Liz Cooke's stage design is dominated by a stage within a stage, which is effective in allowing the audience to see both onstage and backstage at the same time, but can make some of the other scenes (and the band) look a little cramped. The stage management team deserves some applause for frequently moving and sometimes spinning at speed this cumbersome piece of scenery by hand very effectively.

Occipinti's production takes a while to get going and feels a little flat in parts, but the central trio of White, Jandoo and Stock hold it together with solid performances. There are some standout moments, especially Rose's two biggest numbers, "Everything's Coming Up Roses" to end act 1 with a bang and the final "Rose's Turn", where, having lost everything and almost everyone, Mother Courage-like, she picks herself up and moves on.

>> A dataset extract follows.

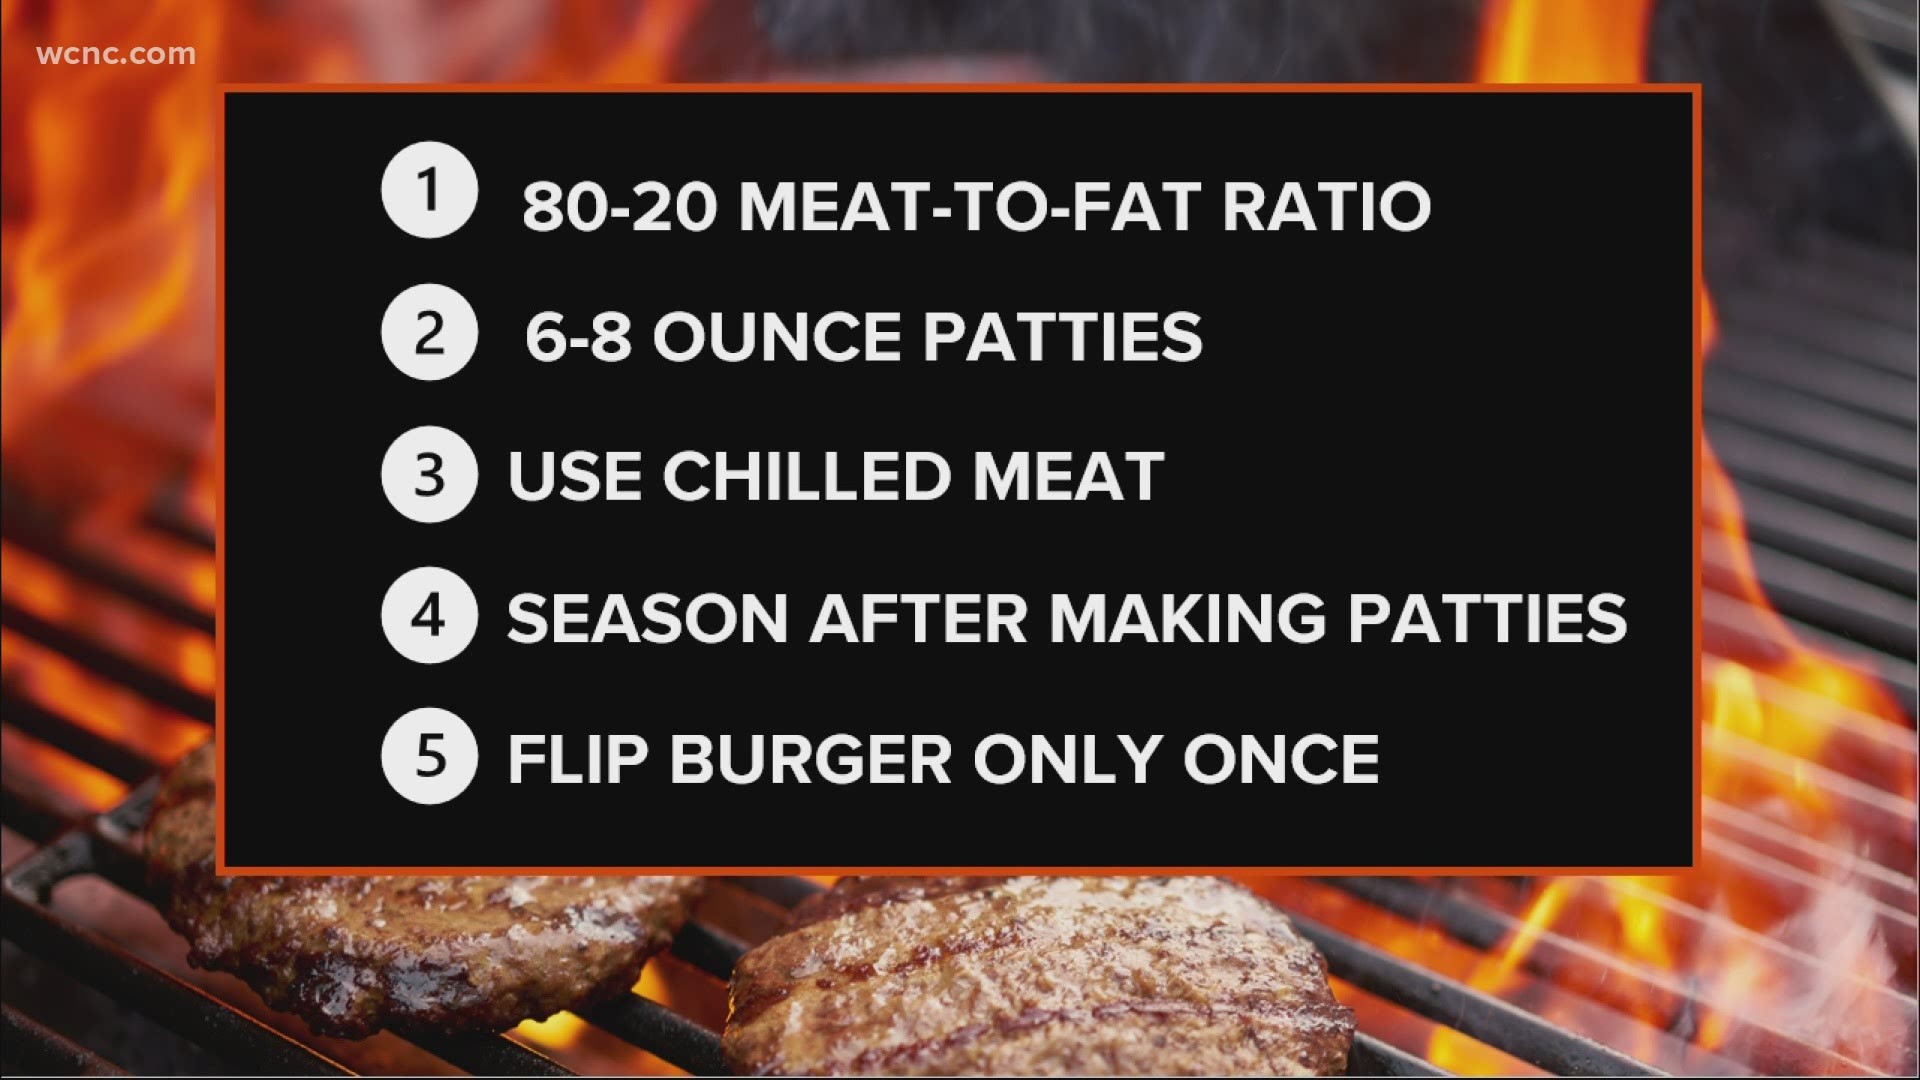 Friday is National Hamburger Day! These tips will help you celebrate by cooking the perfect burger.

"You Gotta Get a Gimmick" is always a showstopper sung by the three experienced strippers giving Louise some advice: the superb Rachael McAllister as Mazeppa who manages to "bump it with a trumpet" with a trombone; Trudy Ward as Electra who has to juggle a double bass with the controls for her illuminated costume; and Kristin Weichen Wong, who is a great musician but often misses the rhythm of the dialogue, especially when delivering humour.

While I have a few reservations about the production, this is a great show and there are some very strong performances here that make it worth seeing.